[Records from a data collection]
◇ ◇ ◇ ◇ ◇
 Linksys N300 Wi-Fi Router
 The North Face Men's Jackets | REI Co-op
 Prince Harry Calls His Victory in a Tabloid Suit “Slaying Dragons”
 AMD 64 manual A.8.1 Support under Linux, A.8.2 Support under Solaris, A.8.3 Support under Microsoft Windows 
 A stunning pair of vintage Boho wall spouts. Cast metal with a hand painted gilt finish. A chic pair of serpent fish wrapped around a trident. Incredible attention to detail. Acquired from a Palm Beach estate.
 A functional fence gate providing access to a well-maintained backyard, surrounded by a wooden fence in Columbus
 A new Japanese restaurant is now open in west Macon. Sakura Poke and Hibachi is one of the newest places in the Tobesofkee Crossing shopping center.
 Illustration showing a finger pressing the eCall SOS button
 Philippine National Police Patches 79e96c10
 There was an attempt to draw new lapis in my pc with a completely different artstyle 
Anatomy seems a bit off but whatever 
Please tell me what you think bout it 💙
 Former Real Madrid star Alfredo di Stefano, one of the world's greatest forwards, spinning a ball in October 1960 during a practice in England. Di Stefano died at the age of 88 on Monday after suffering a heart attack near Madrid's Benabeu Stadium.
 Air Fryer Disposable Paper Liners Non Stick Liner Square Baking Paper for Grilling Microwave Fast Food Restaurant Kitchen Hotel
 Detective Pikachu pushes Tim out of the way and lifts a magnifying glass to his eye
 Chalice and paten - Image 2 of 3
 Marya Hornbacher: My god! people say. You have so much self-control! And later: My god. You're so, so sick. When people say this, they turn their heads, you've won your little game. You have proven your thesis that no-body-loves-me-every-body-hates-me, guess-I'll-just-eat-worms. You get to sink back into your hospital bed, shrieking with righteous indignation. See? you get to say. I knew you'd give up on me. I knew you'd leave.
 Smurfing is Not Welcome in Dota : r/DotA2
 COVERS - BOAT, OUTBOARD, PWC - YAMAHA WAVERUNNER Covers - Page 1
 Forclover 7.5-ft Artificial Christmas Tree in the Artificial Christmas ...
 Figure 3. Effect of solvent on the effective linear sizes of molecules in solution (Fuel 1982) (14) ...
◇ ◇ ◇ ◇ ◇
TASK ITEM
None of the records may be omitted; each is to be printed exactly.

SOLVED EXERCISE
 Linksys N300 Wi-Fi Router
 The North Face Men's Jackets | REI Co-op
 Prince Harry Calls His Victory in a Tabloid Suit “Slaying Dragons”
 AMD 64 manual A.8.1 Support under Linux, A.8.2 Support under Solaris, A.8.3 Support under Microsoft Windows 
 A stunning pair of vintage Boho wall spouts. Cast metal with a hand painted gilt finish. A chic pair of serpent fish wrapped around a trident. Incredible attention to detail. Acquired from a Palm Beach estate.
 A functional fence gate providing access to a well-maintained backyard, surrounded by a wooden fence in Columbus
 A new Japanese restaurant is now open in west Macon. Sakura Poke and Hibachi is one of the newest places in the Tobesofkee Crossing shopping center.
 Illustration showing a finger pressing the eCall SOS button
 Philippine National Police Patches 79e96c10
 There was an attempt to draw new lapis in my pc with a completely different artstyle 
Anatomy seems a bit off but whatever 
Please tell me what you think bout it 💙
 Former Real Madrid star Alfredo di Stefano, one of the world's greatest forwards, spinning a ball in October 1960 during a practice in England. Di Stefano died at the age of 88 on Monday after suffering a heart attack near Madrid's Benabeu Stadium.
 Air Fryer Disposable Paper Liners Non Stick Liner Square Baking Paper for Grilling Microwave Fast Food Restaurant Kitchen Hotel
 Detective Pikachu pushes Tim out of the way and lifts a magnifying glass to his eye
 Chalice and paten - Image 2 of 3
 Marya Hornbacher: My god! people say. You have so much self-control! And later: My god. You're so, so sick. When people say this, they turn their heads, you've won your little game. You have proven your thesis that no-body-loves-me-every-body-hates-me, guess-I'll-just-eat-worms. You get to sink back into your hospital bed, shrieking with righteous indignation. See? you get to say. I knew you'd give up on me. I knew you'd leave.
 Smurfing is Not Welcome in Dota : r/DotA2
 COVERS - BOAT, OUTBOARD, PWC - YAMAHA WAVERUNNER Covers - Page 1
 Forclover 7.5-ft Artificial Christmas Tree in the Artificial Christmas ...
 Figure 3. Effect of solvent on the effective linear sizes of molecules in solution (Fuel 1982) (14) ...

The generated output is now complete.